Neville was quickly out of breath, puffing and gasping through whatever apparatus was hidden by the scarf. Ahead of them, in the darkness, the sea turned and turned, the
crash and grating sigh of its retreat more imagined than heard. They came out between narrow rows of houses to find it waiting for them in the darkness. Huddled dark shapes of fishing boats were drawn up on the shingle. The roofs of the huts sparkled with frost: the last few nights had been freezing.
‘Do you mind if we walk on the beach?’ Paul said.
‘No, go ahead. It’s all shingle, mind, won’t be easy on that leg.’
Paul’s breath plumed on the air as he slipped and slithered down the slope and half ran the last few yards to the sea. Neville followed slowly, a bulky, top-heavy shape, breathing stertorously through his mouth. At the bottom of the slope, there was a strip of firm, hard sand, but you couldn’t get to it because of the tangle of barbed wire that ran along the water’s edge. A gap in the wire left a space for fishing boats to come and go and presumably for the lifeboat to be launched. That, too, was hauled high on to the shingle, poised like a fish hawk about to dive. Neville joined him and for a time they were silent, looking out to sea through coils of rusting wire, thinking their own thoughts.
It had started to rain and the rain quickly turned to sleet, slanting silver rods disappearing into shining grey-brown pebbles. They turned by mutual consent and walked up the shingle slope, still not having spoken. Paul glanced sideways at Neville, who was struggling up the bank, hunched over, hands thrust deep into his pockets, the moonlight glinting on the whites of his eyes.
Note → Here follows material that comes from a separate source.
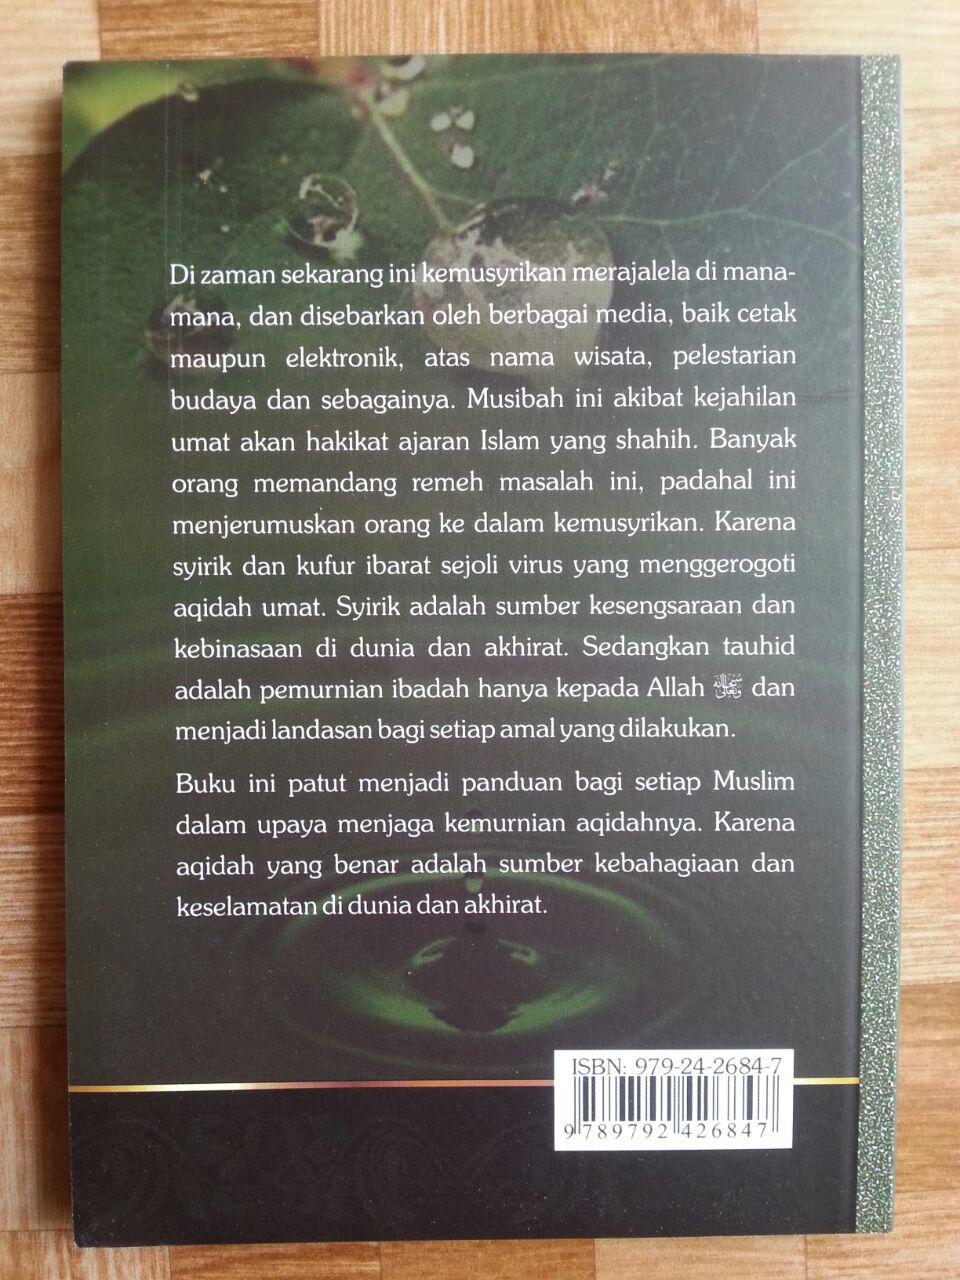 Buku Murnikan Tauhid Jauhkan Syirik cover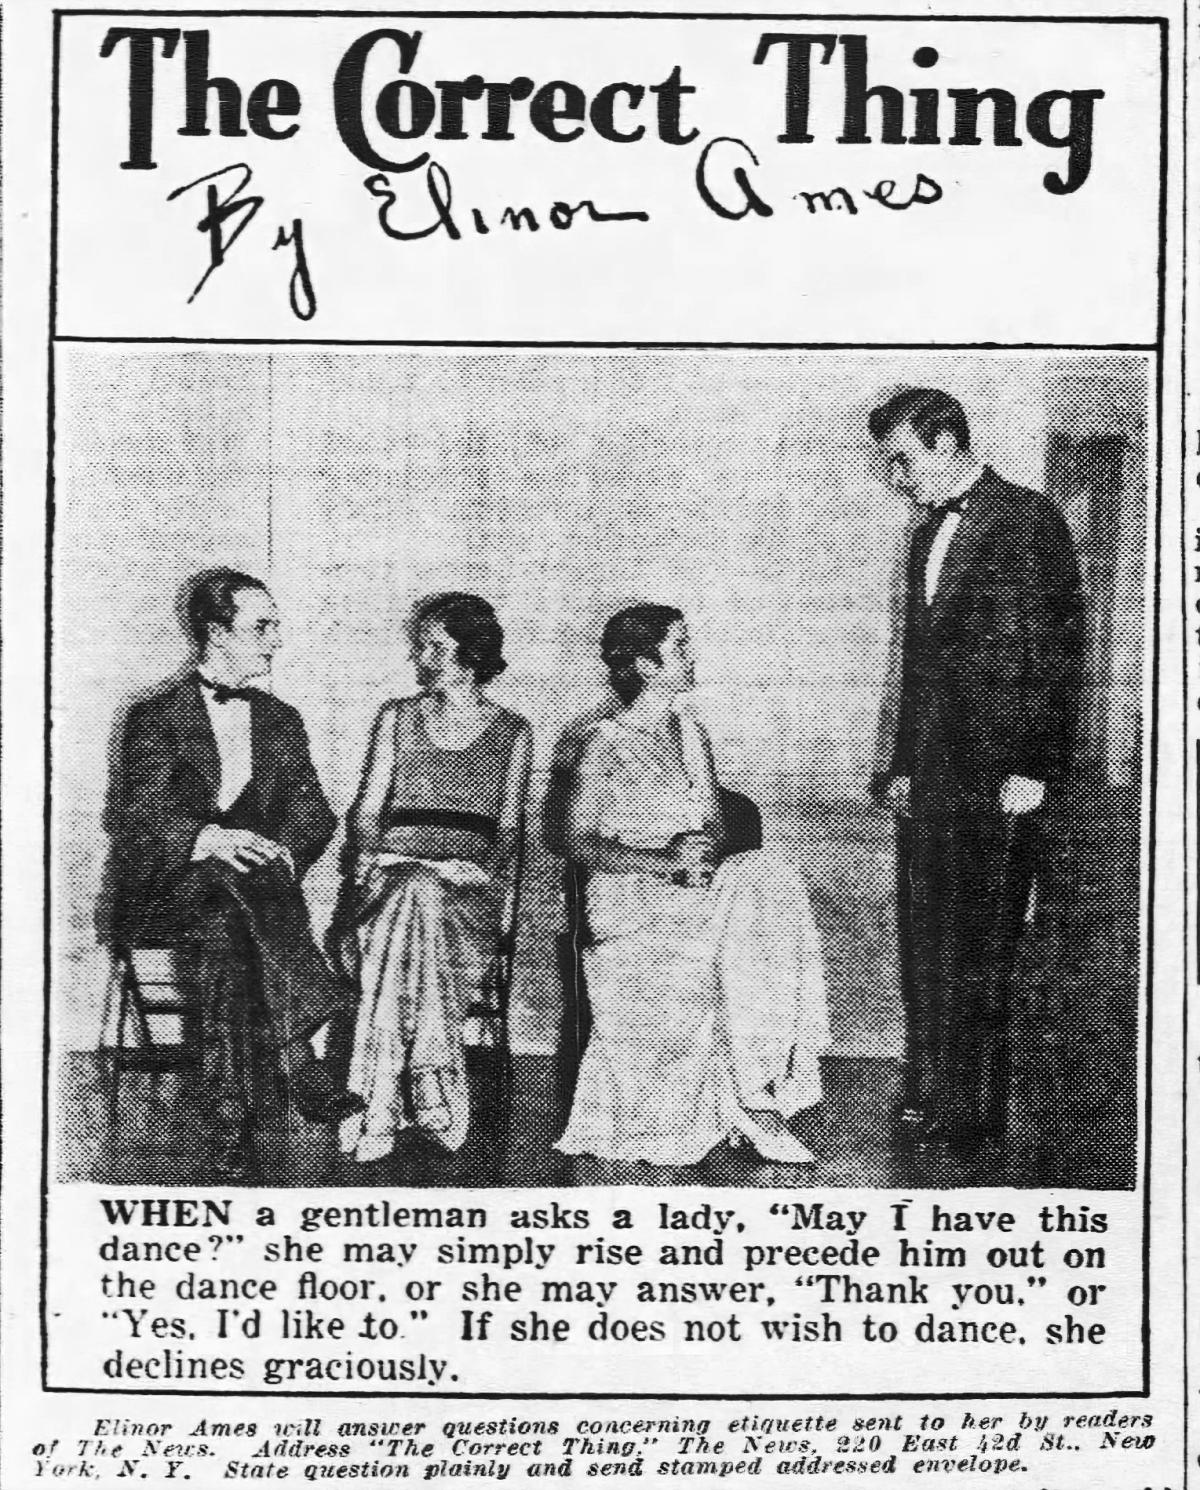 Daily_News_Sun__Nov_13__1932aiH

Paul noticed that the scarf had a curious bulge on one side.
Suddenly Neville put on a burst of speed and pulled ahead. ‘Come on, Tarrant,’ he called over his shoulder. ‘It’s bloody freezing out here, and I could do with a drink.’
They climbed the last ledge on to the path, every step dislodging pebbles that peppered in their wake. The terrace facing the sea had gaps in it, missing teeth in an old man’s mouth. Many of the houses had their windows boarded up, and there were sandbags piled up against the doors.